Тетка за прилавком разом угадала во мне птицу нездешнюю и залетную. Оглядела мельком мою профессорскую наружность, отметила и помятость дорогого пиджака, и грязные пятна, спросила:
– С женой, что ли, полаялся?
– Вроде того.
– Тогда тебе соточкой не обойтись после вчерашнего.
– И это правда.
– Я тебе хрущевский налью; только ты здесь не зависай, махнул, и – айда домой. Через пятнадцать минут и электричка московская.
Она подвинула мне полный стакан. Его я маханул в три глотка, запил соком.
– Лихо ты его. Ну что? Двинешь? Жена-то еще нальет?
– Вряд ли.
– Это беда. Я тут двадцать пять годков наливаю, насмотрелась. Вот кабы бабы не были дурами, мужик бы что? Принял сотку и домой заспешил, там бы принял еще, да под борщик или картошечку с селедочкою… И все обиды бы прошли, улеглись… Я вот со своим тридцать лет скоро живу, всякое бывало, а чтобы он где на стороне глаза налил да домой на рогах – такого не было. Потому как знает: дома в холодильнике всегда есть, да закусочка, да щи суточные. И выпьет ежели с товарищами, ко мне своими ногами идет. Вот как оно правильно.

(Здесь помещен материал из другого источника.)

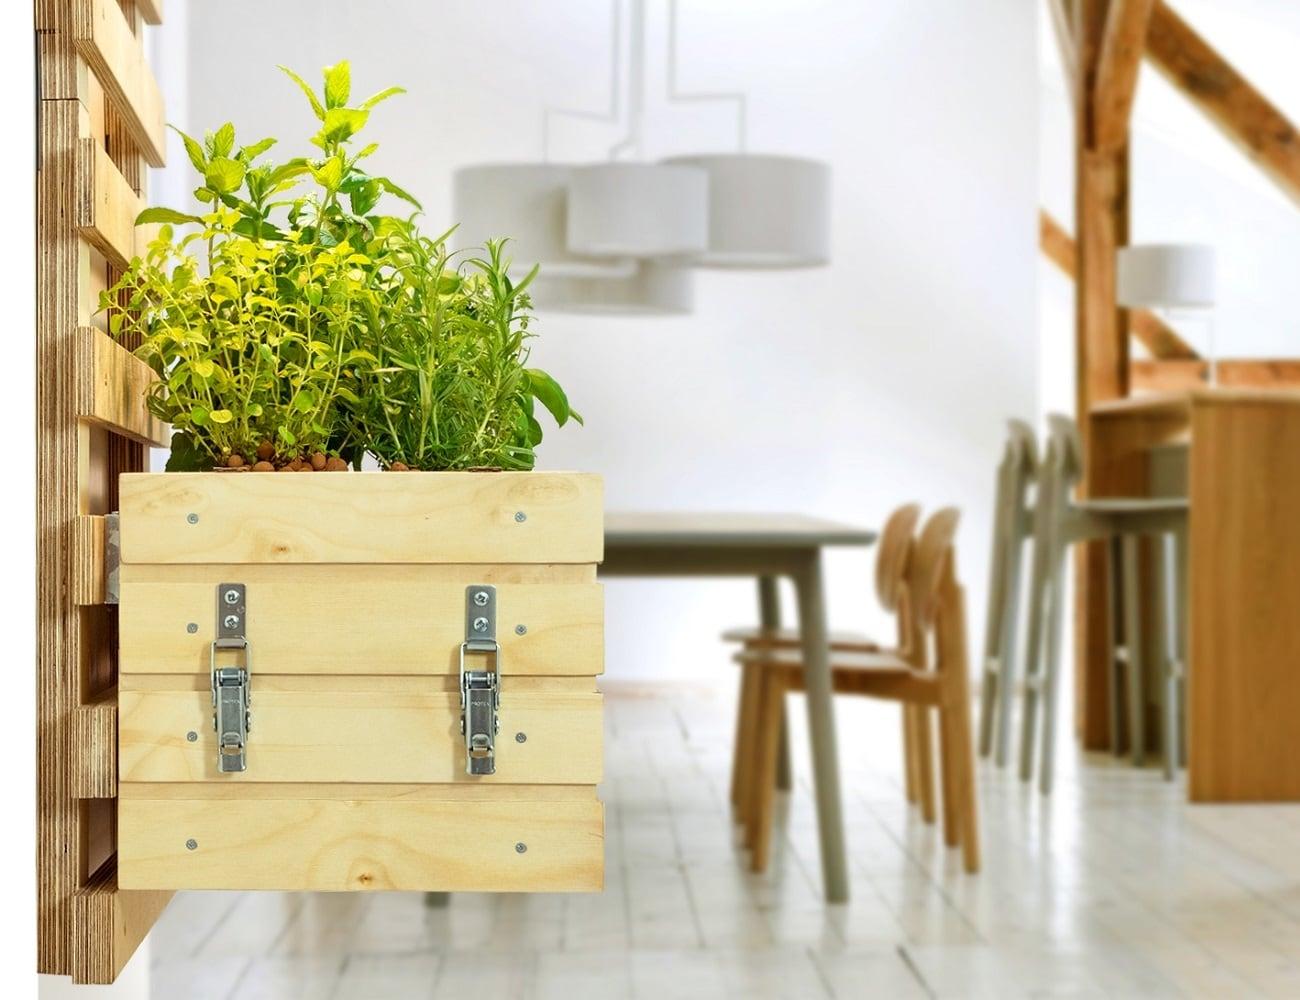 Gartenzwerg Smart Personal Gardens
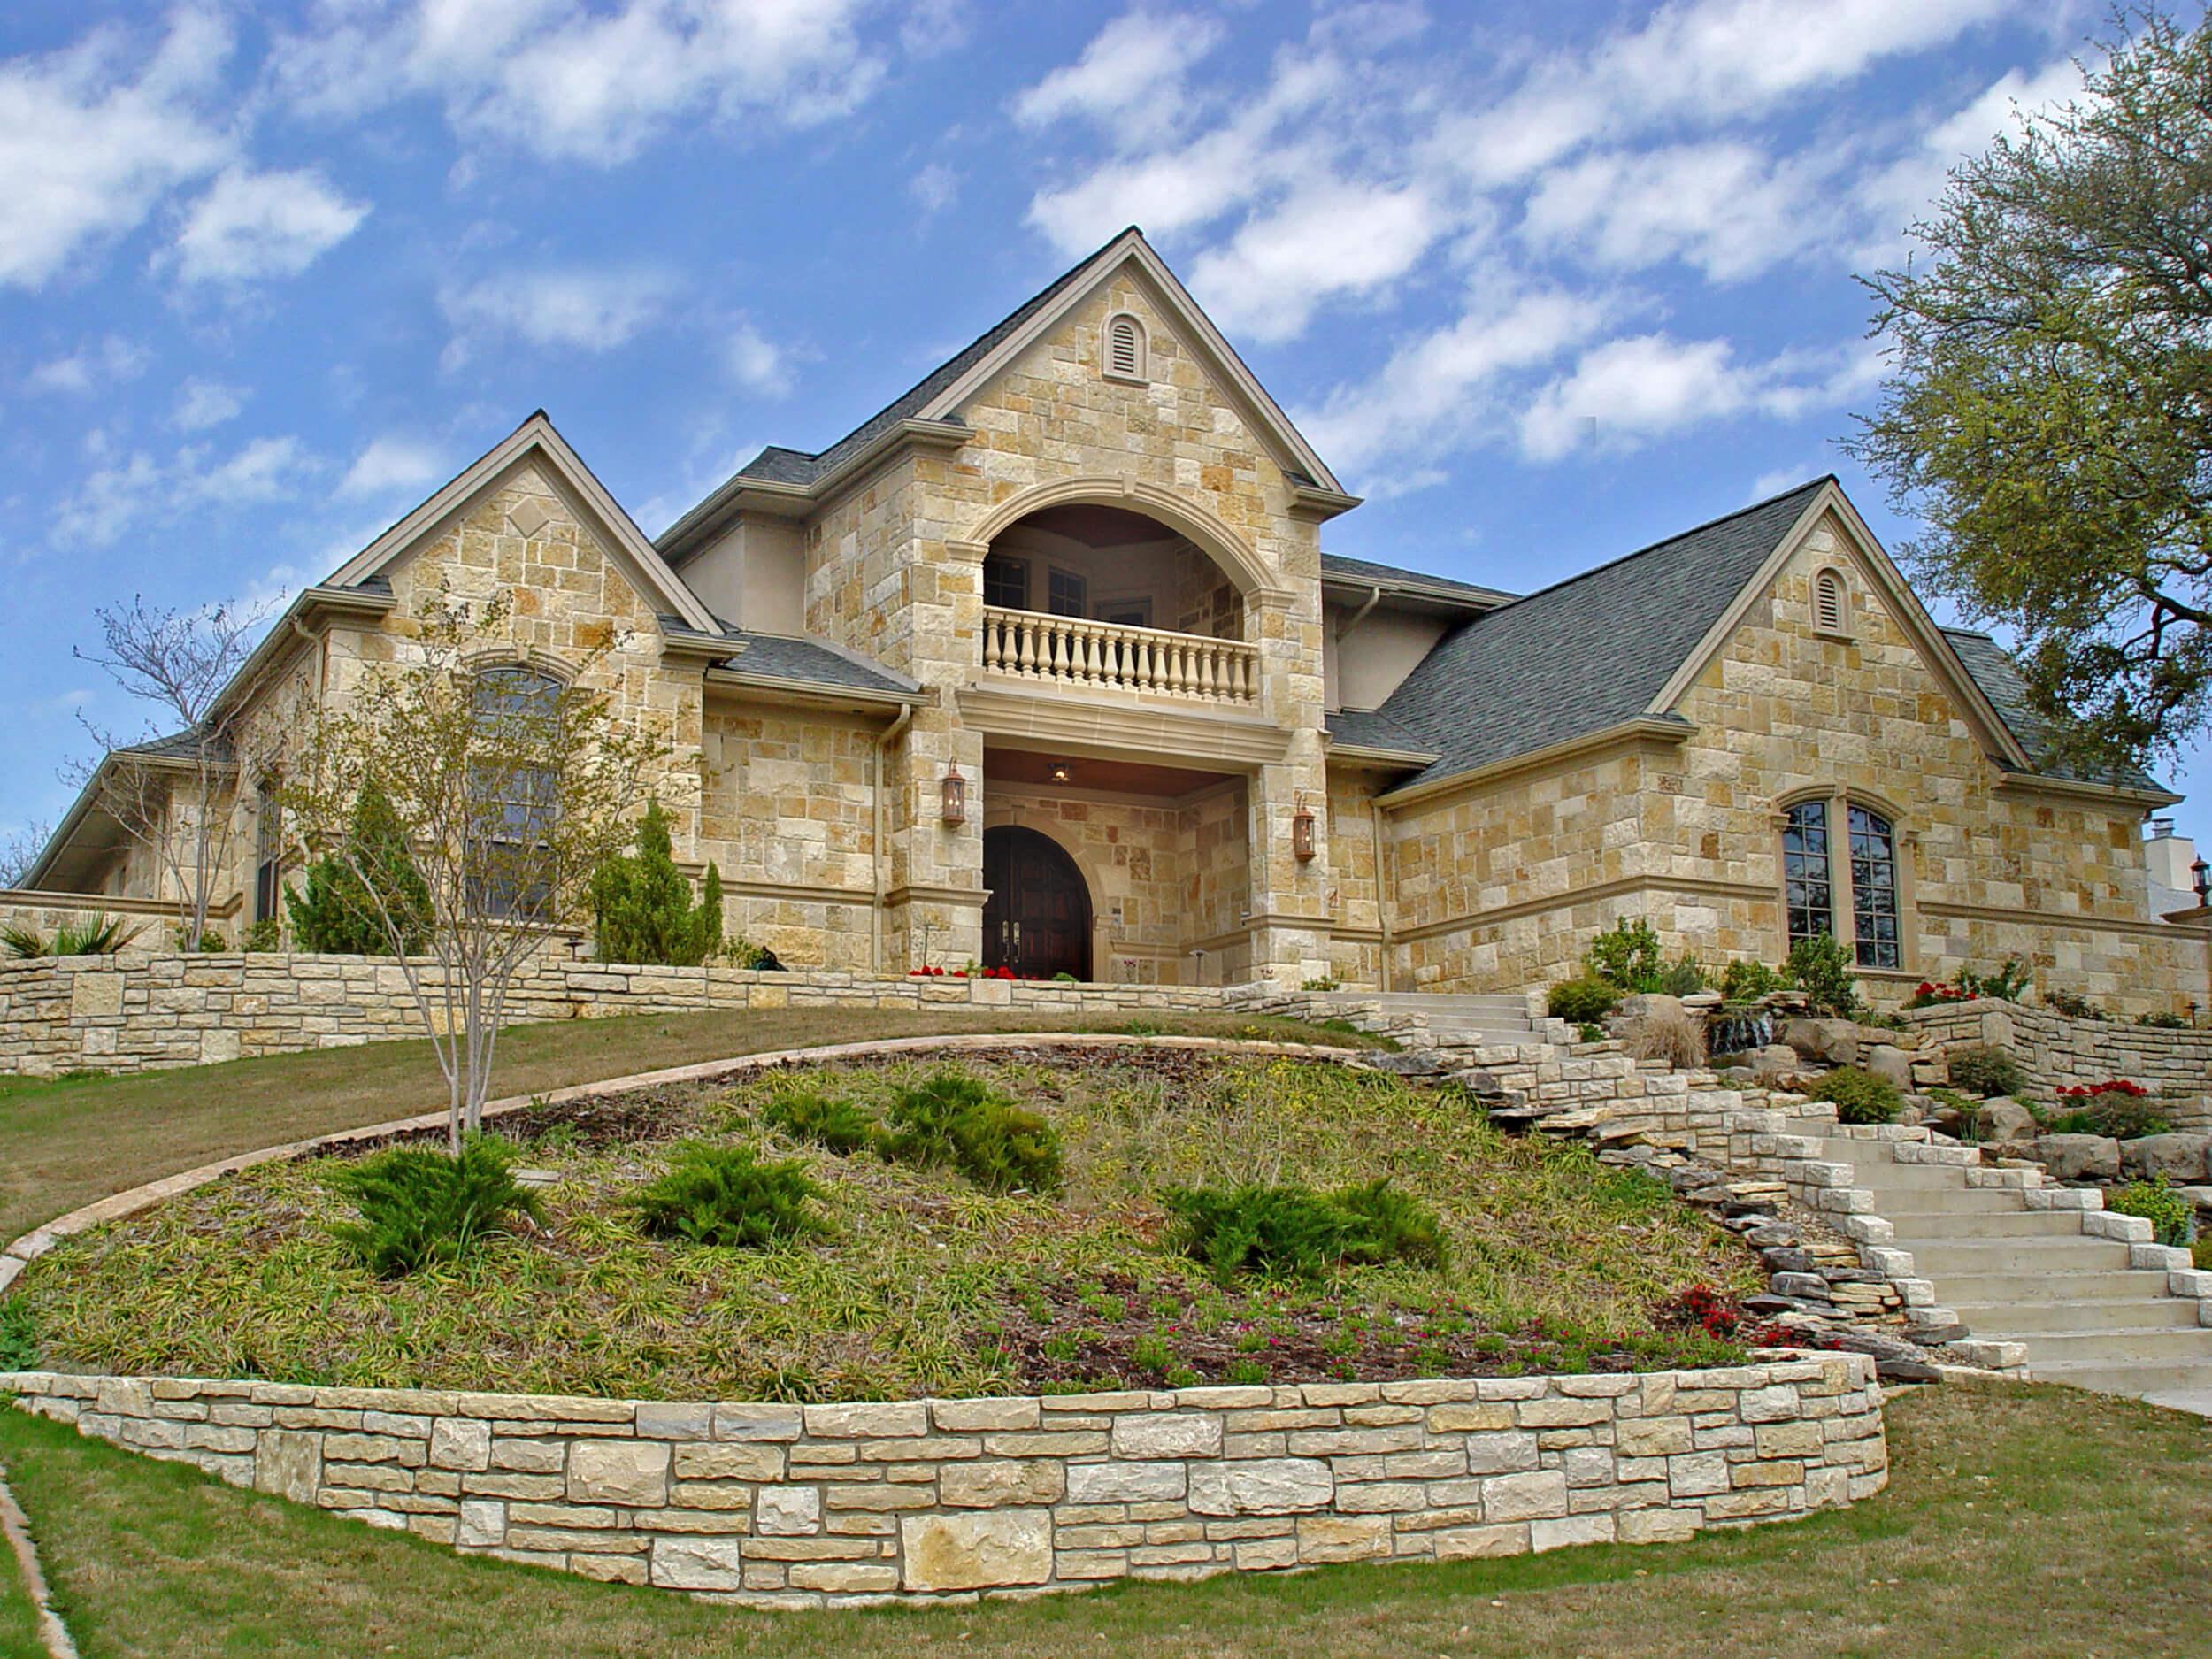 Steve Bumpas Custom Homes Bentwater 01 Homebuilder Remodel Granbury Brazos Bend Cresson DeCordova Pecan Plantation Tolar Glen Rose Fort Worth.jpg

– Вам бы передачи на радио вести, – сказал я безо всякой иронии.
– А то… Потому как все беды на этой земле от несуразицы, а несуразица – от разлада промеж мужиками и бабами, а разлад тот – от непонимания. И вянут тетки на старости в одинокой бабьей тоске, а мужички, те вообще делаются горькими, вроде Семеныча. – Она кивнула на дремлющего алканчика. – А ведь я его еще парнем помню, сама еще девкой-недолеткой была, так на него заглядывалась. И все у нас на поселке за-глядывались. Гулевал он тогдась весело, беззаботно. А ныне – что?